Between January and March this year, the company's dairy and nutritional portfolio brought in gross sales of A$804,379; this represented 121% of total sales during the entire second half of 2017.
This comes not long after its A$700,000 ($300,000 in cash and $400,000 in shares) acquisition of 80% of infant skincare company Little Innoscents in February.
For the 2017 financial year, Wattle raked in A$900,000 in revenue, from which A$250,000 in underlying earnings were generated.
New places, new products
This year, the company has entered Macau, and secured its first order in India for its natural baby food range.
This adds to Wattle's presence in Vietnam, the Middle East, and China, where Tesco Lotus is one of its three major distributors.
In Australia alone, its products are available at 700 retail stores, and it counts Australian Pharmaceutical Industries, JR Duty Free and Metcash among its distributors.

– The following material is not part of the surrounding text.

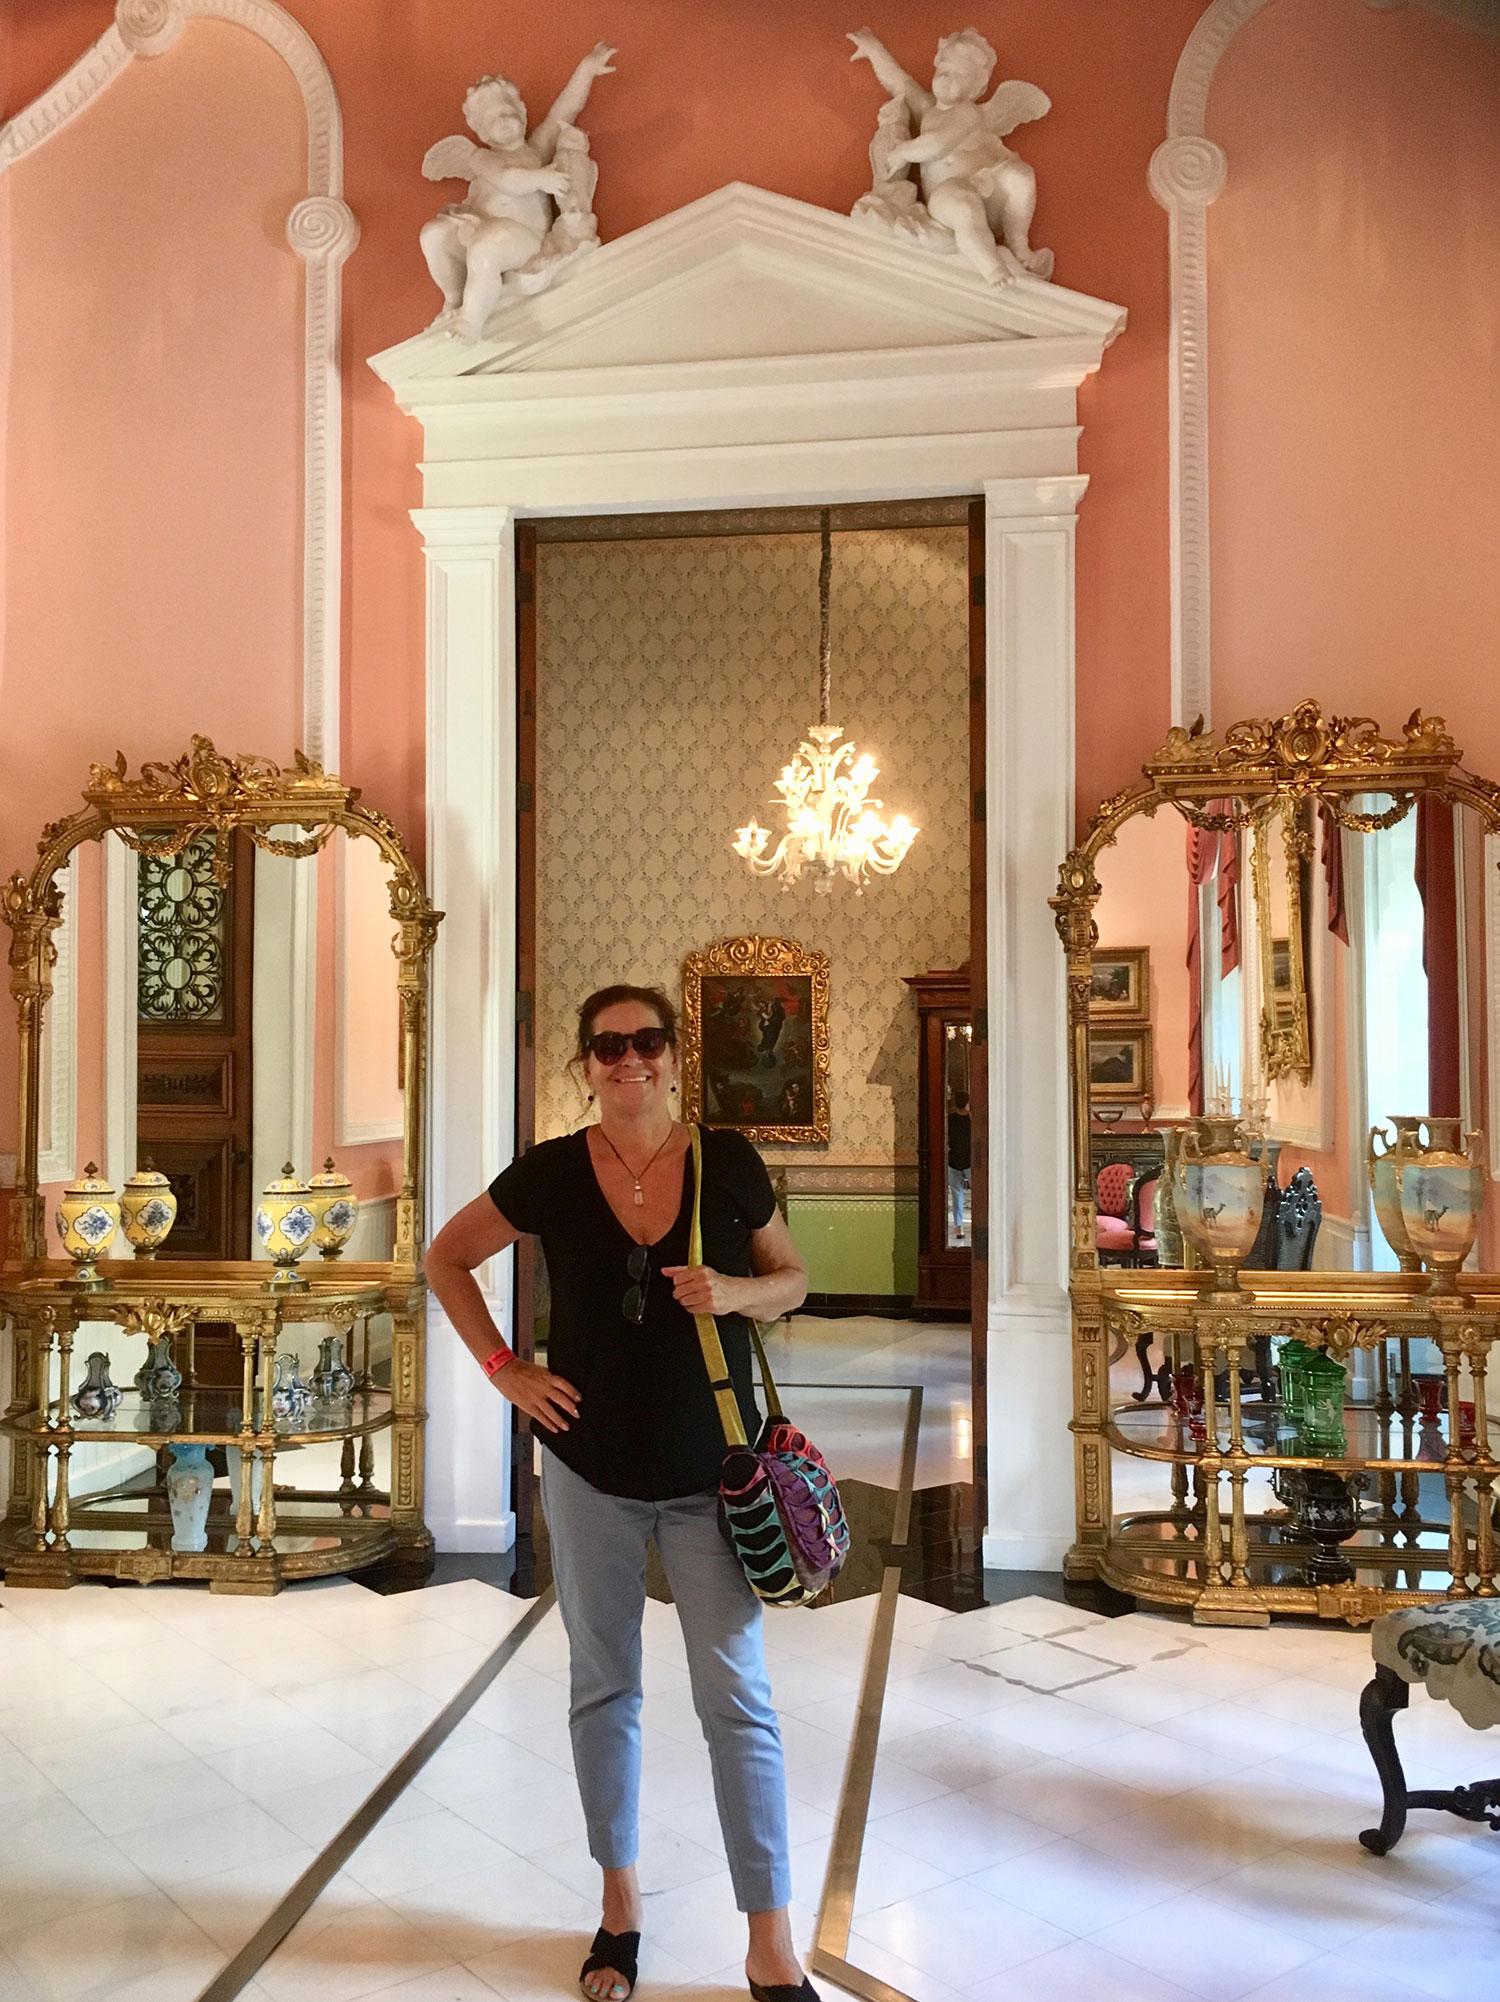 Hammocks_and_Ruins_Blog_Riviera_Maya_Mexico_Travel_Discover_Yucatan_What_to_do_Museums_Casa_Montejo_14.jpg

In February, Australian contract manufacturer Blend and Pack secured a 'brand slot' with the China Food and Drug Administration (CFDA) for Wattle's goat milk infant formula, which it hopes will be on shelves in China by the second half of the year.
While Wattle has thus far specialised in infant nutrition, it recently introduced nutritional dairy products meant for students, nursing mothers, and the elderly.
What's next?
Wattle requested that trading of its securities be suspended after it had released its Q1 2018 sales figures.
The company's official statement, released on 6 April, said it would announce on a later date the finalisation of a joint venture, as well as a possible raising of capital.
This voluntary suspension is to last until 20 April, or until Wattle has finalised either or both of the aforementioned initiatives.